The North East Children’s Trust (NECT) is a private sector led social engineering initiative incorporated in 2017 with a mission to create innovative, transformational sustainable learning ecosystems that will nurture, renew and empower vulnerable children  between ages 5 and 18 years that have been orphaned by the insurgency in North East Nigeria.

Since 2012, the Boko Haram insurgency has enveloped north east Nigeria to varying degrees. At the height of the crises, about 80% of 1.8 million internally displaced persons were from Borno state, followed by Adamawa and Yobe states with 8% and 6% respectively. Children aged 18 years and below comprised over 50% of the IDP population.        

About 50,000 children are estimated to be orphaned by the insurgency without access to good education, quality health care, food and basic shelter. Without assistance, these children will not have a normal childhood nor experience the joys of growing in a home nurtured by a family.
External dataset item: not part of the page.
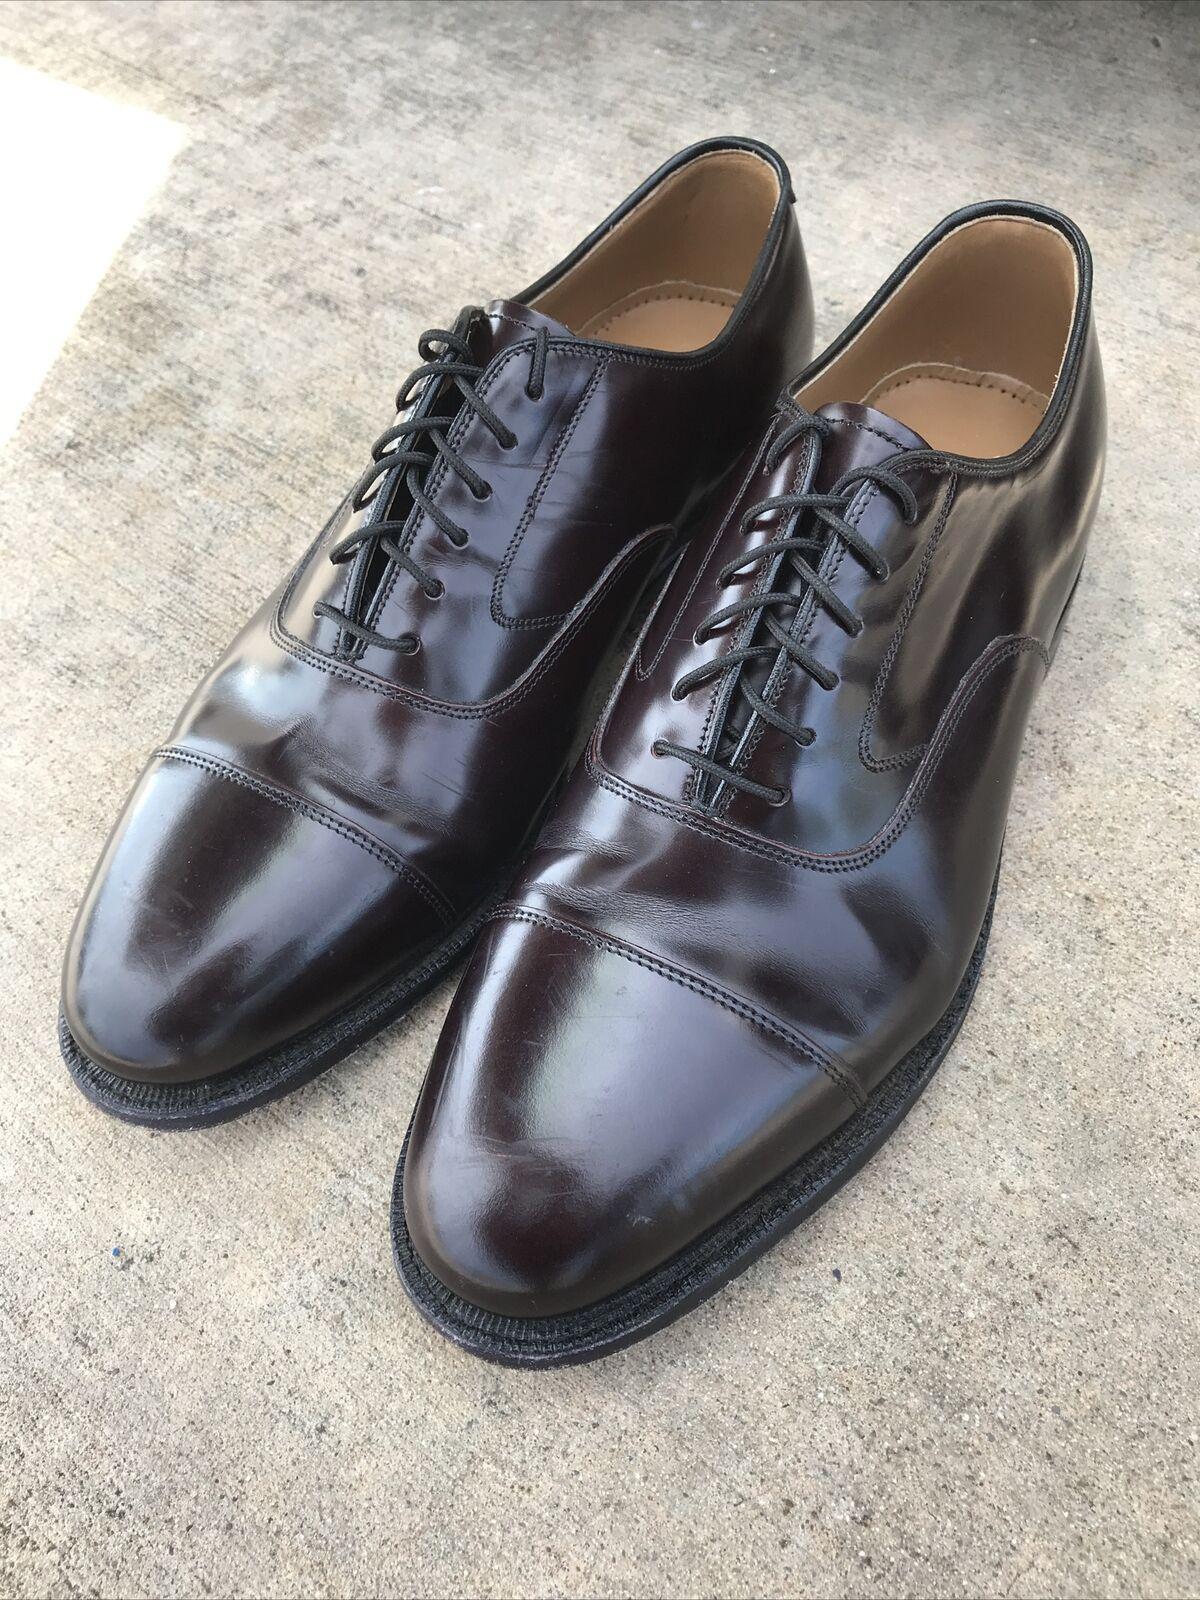 Johnston Murphy Mens Cordovan Leather Cap-Toe Ox Dress Shoe US 9 D

Therefore, NECT aims to create ecosystems carefully designed to provide comprehensive support for the children through access to safe living spaces, quality education, good health facilities, well-rounded psychosocial support and relevant socio-economic life skills.

Mission 
NECT seeks to establish learning centers within local communities  to deliver context specific and student-centred learning through purposeful partnerships that leverage the capabilities, contributions and networks of diverse stakeholders.

Vision 
Our vision over the next 5 years is to scale for impact. This will entail transiting from a centralised and institutionalised service delivery model into a more sustainable community oriented service delivery model.

Objectives 

 To develop innovative and scalable solutions to ensure that vulnerable children build strong foundations for lifelong learning and well-being
 To build learning systems that are adaptable, skill-based, and fit for the skills and competencies needed in the 21st century
 To reimagine affordable alternative pathways to education for students who are unable to access conventional schooling opportunities
 To forge new alliances amongst private and public sector partners in order to establish novel education financial infrastructure

Board Of Trustees 
The board of trustees is a five-member group of prestigious humanitarians in Nigeria. Jim Ovia, who is the chairman of the board, is the founder of Zenith bank and a reputable philanthropist whose foundation has empowered over four thousand Nigerian youths in scholarships and entrepreneurial funding. Hauwa Biu, who is the vice chairman of the board, is a girl-child/ woman education activist, and chairperson of newly established Borno Education Trust Fund. Mariam Masha, who is the executive secretary of the board, is the senior special assistant to the 2020 incumbent president of the Federal Republic of Nigeria on Humanitarian Interventions. Doris Yaro is a gender-equality activist and founder of Gabasawa Women & Children Empowerment Initiative, an NGO which provides scholarships and support to public primary school children affected by the Insurgency. Finally, Baba Hassan Kachalla is the founder of Society for Prevention and Eradication of Tuberculosis in Nigeria.

Projects

Learning Center I 
The flagship Learner Center was completed in 2017, just six months after construction commenced and saw the enrollment of the first batch of orphaned children into its abode. It was established to comfortably accommodate a thousand orphans.

Learning Center II 
As a strategy to reach the Trusts' goal of providing full support to 10,000 children orphaned by the Boko Haram insurgency, NECT adopted Maiduguri International School (MISET), a community owned school established in 1981 and located in Borno state's metropolis, which in the heat of insurgency had lost all semblance of its past glory and lay decrepit until NECT's intervention of total upgrade and remodeling in 2019. The commissioning of the school held on the 8th of October 2019, two years after the establishment of Learning Center I and the highlight of the event was the provisional support of eight million naira for offsetting the outstanding salaries owed to the entire staff, and setting up of scholarships for all the orphans from host communities enrolled in the school, all in addition to the 200+ million project cost of the intervention. Before NECT's intervention, MISET had suffered a dearth of infrastructure, low enrollment rates and a backlog of unpaid staff salaries.